Today was the first day outside for this year's chicks. With great excitement opened the chicken house door and... well nothing. I was ready with camera in hand (a rarity for me) but these were no divas.

They seem to have noticed the open door...

...but they do not trust it.

I've seen enough.

One brave girl makes the leap.
The rush starts.

Stampede!

That's enough, time to go back in.
I think about half of the girls ended up having a quick look outside. A little grass was eaten, a little dirt was scratched, but overall they didn't seem too impressed.

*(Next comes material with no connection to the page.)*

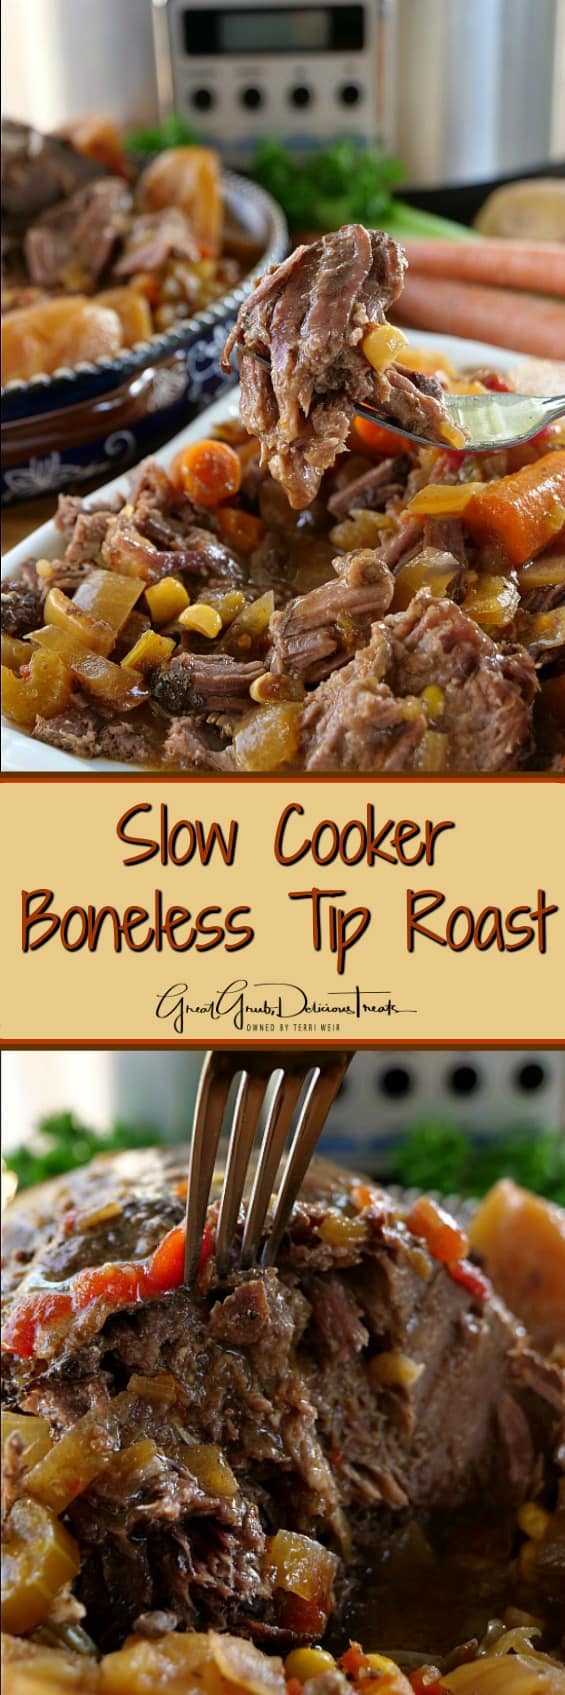 Slow Cooker Boneless Tip Roast

I went looking for something else to photograph and came across these lovely ladies:


Two Fat Hens!

An Easter Egger and a Speckled Sussex.

This is the speckliest Speckled Sussex we have ever owned. The photo looks out of focus, but I think it is just her feather pattern. Their bright red combs show they are in lay and sure enough - among today's eggs was one green egg and one pinkish egg.


14 March 2013

Chicken Tractors?


I had really wanted to move the chickens into tractors so they could clean up the field, eating the spent vegetable plants, bug, grubs and weed seeds, and at the same time we would know where they were laying their eggs. It seemed ideal and totally fitting with our sustainable method of farming, in theory. We built, or started to build, a couple of different styles of chicken tractors, but each time we had the same problem - they looked like a cage. Granted they were large cages (one was 8' by 8' by 2' another was 8' by 10' by 4'), but even with one chicken in each there was no space for that chicken to run like they do all over the farm at the moment. We couldn't do it.

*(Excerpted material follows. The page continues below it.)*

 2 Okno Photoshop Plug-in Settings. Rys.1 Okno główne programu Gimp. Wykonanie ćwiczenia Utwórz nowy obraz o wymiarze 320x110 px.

Onto Plan Two (or three or four or five)
A new chicken house. This wasn't perfect - I still dreamed of the field clean-up crew and easy to find eggs - but the chicks were outgrowing their brooders and I had run out of tractor ideas. We decided to add onto the packing shed with the chicken door going out into the back field.


As Karl started building I became more and more excited about the possibilities. Can you make me a full sized door on the side for easy cleaning? If you make me a hatch on the side nearest the packing door shed I will be able to collect the eggs with ease. Oh, if you make another hatch under that first one I can put the feeders and waters under the nest boxes and fill them from outside. I have a great pan for the perches... He humoured me and I got everything I wanted - I hope the chickens appreciate it.


In this picture you can see the feeders and the space above where the nestboxes will go. These girls are still too young to lay eggs and they are too young for the perches I planned too - to the left you can see the re-purposed shelving they are using for learner perches. Sharp eyed individuals will recognise these as the old packing tent shelves. Before that they were plant stands at a big box store. This is probably the last use we will get from them, but it feels great to have given them over 9 years of life after they were destined for the dumpster.

The girls move in.
We introduced the girls to their new house, and to each other, on Tuesday evening. They had been in three separate brooders to give them the most space possible (even when they need to be in a secure enclosure we cannot stand the idea of them being cooped up - haha). First we took the feeders and waterers from the brooders, refilled them and hung them in the hen house (oops the pipe is bending - first design flaw noted). Then each group of pullets was taken from their brooder into a cage and carried to the hen house for release. Every single one of them ignored the open space and made a beeline for the water as though they had never seen water before in their lives. It made for a very disappointing photo opportunity.